IT'S JANUARY and the new issue of The New Criterion is online. Everyone should really go to their site, read all available articles, and then go to the bookstore and buy the issue to read the remainder of the articles. This exercise is to be repeated each month. Otherwise you might miss this remembrance of Mencken, who died recently; or this reflection on Roger Scruton's new book "The West and the Rest"; or this scathing piece on Hobsbawm.

::: posted by our man in Oxford at 1:38 PM

POLITICAL JUNKIES must make sure to get their fix at the newly unveiled site 4President.org, an amazing collection of posters and campaign material dating back to the good old times:

::: posted by our man in Oxford at 1:08 PM

SCORSESE's new film "Gangs of New York" (which I have not seen, as it will take many months to come to Britain) is reviewed by Hillsdale professor Sean Mattie. "After viewing Scorsese's films, one has a greater appreciation of calm and civility, because of the existence of violence and strife at the periphery, and often at the center, of his stories."

::: posted by our man in Oxford at 12:59 PM

NOMINATIONS FOR THE "BLOGGIES" are open until 12 January. So have a look -- and make your vote known. We would be honored to receive your consideration, for example for Best New Blog, or Best Group Blog. In my personal vote, I gave several nods to Dilacerator, OxBlog, and Critical Mass, all of whom provide excellent content.

::: posted by our man in Oxford at 12:46 PM

Thursday, January 02, 2003 :::
AH, TO BE A CONSERVATIVE. If American conservatives think it produces socially awkward situations to come out of the closet, or to be outed, as a conservative in the States, they should ponder the experience of being a Tory in Britain. And if you think this is bad, the social stigma of conservatism is much, much greater in Continental Europe. If you are not afraid of telling Europeans that Bush might have something right about terrorism and Saddam, that the free market does much more good than harm, and that America is fundamentally a decent country - well, you must like spending a lot of time by yourself. Question: And we defend these people? UPDATE: They buy American products.

::: posted by our man in Chicago at 7:22 PM

FATHER JAMES V. SCHALL is a Jesuit professor of government at Georgetown (and author of one of the ISI-Guides) who is a specialist on natural law and a born teacher.
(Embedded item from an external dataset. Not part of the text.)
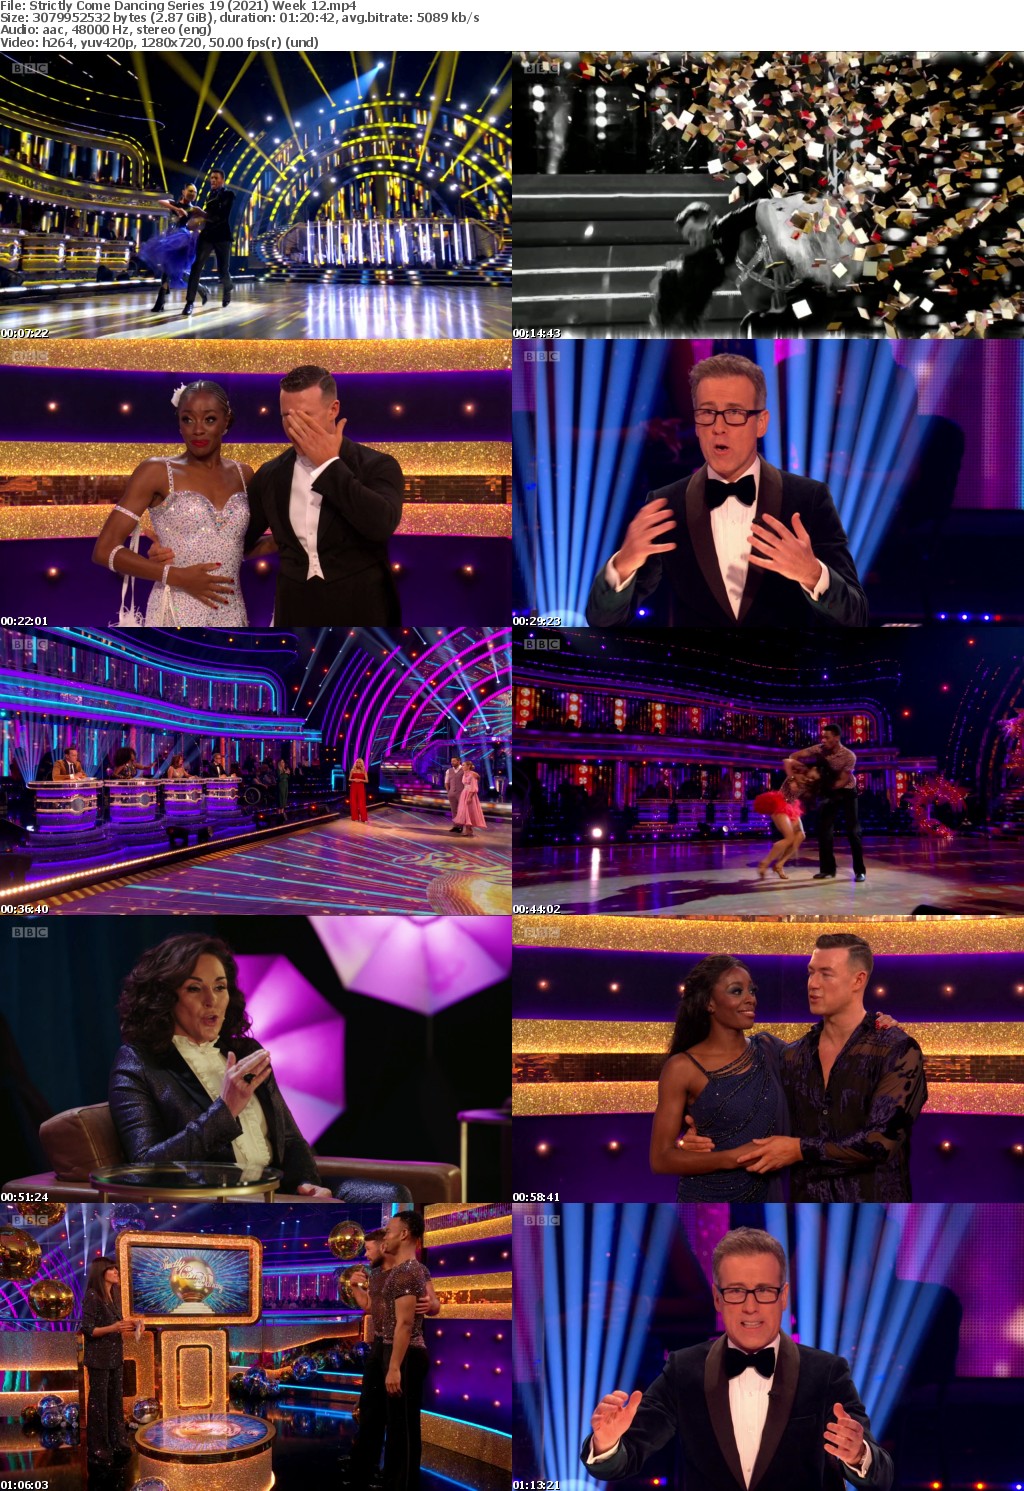 Strictly Come Dancing Series 19 (2021) Week 12 (1280x720p HD, 50fps, soft Eng subs)

He gave an interview to the Claremont Institute's Ken Masugi that might serve as a useful introduction to vexing issues in the philosophy of law. Part I is here and Part II is here. Fr. Schall has a great personal website. There is even a fan site.

::: posted by our man in Oxford at 12:39 PM

IN A SEA OF DARKNESS, the Intercollegiate Studies Institute (ISI) should serve as a beacon -- anyone who is in high school, college, graduate school; anyone who has graduated without receiving a true education; or anyone who is concerned about a younger person's education, should sign up to ISI, browse its on-line Guide to College, and order the entire catalog of ISI Books without delay. Among the particular delights of ISI is its series of Guides to the Major Disciplines, reader-friendly introductions to the most important fields of knowledge in the liberal arts written by experts who understand Western civilization and are unpolluted by the poison of postmodernism. In addition to existing guides to philosophy, history, U.S. history, political philosophy, economics, literature, liberal learning, and the core curriculum, ISI has just published its ninth guide, to psychology, that popular but treacherous subject. It's available to order from ISI Books, but students on a tight budget can also download the entire Guide in PDF-format for free.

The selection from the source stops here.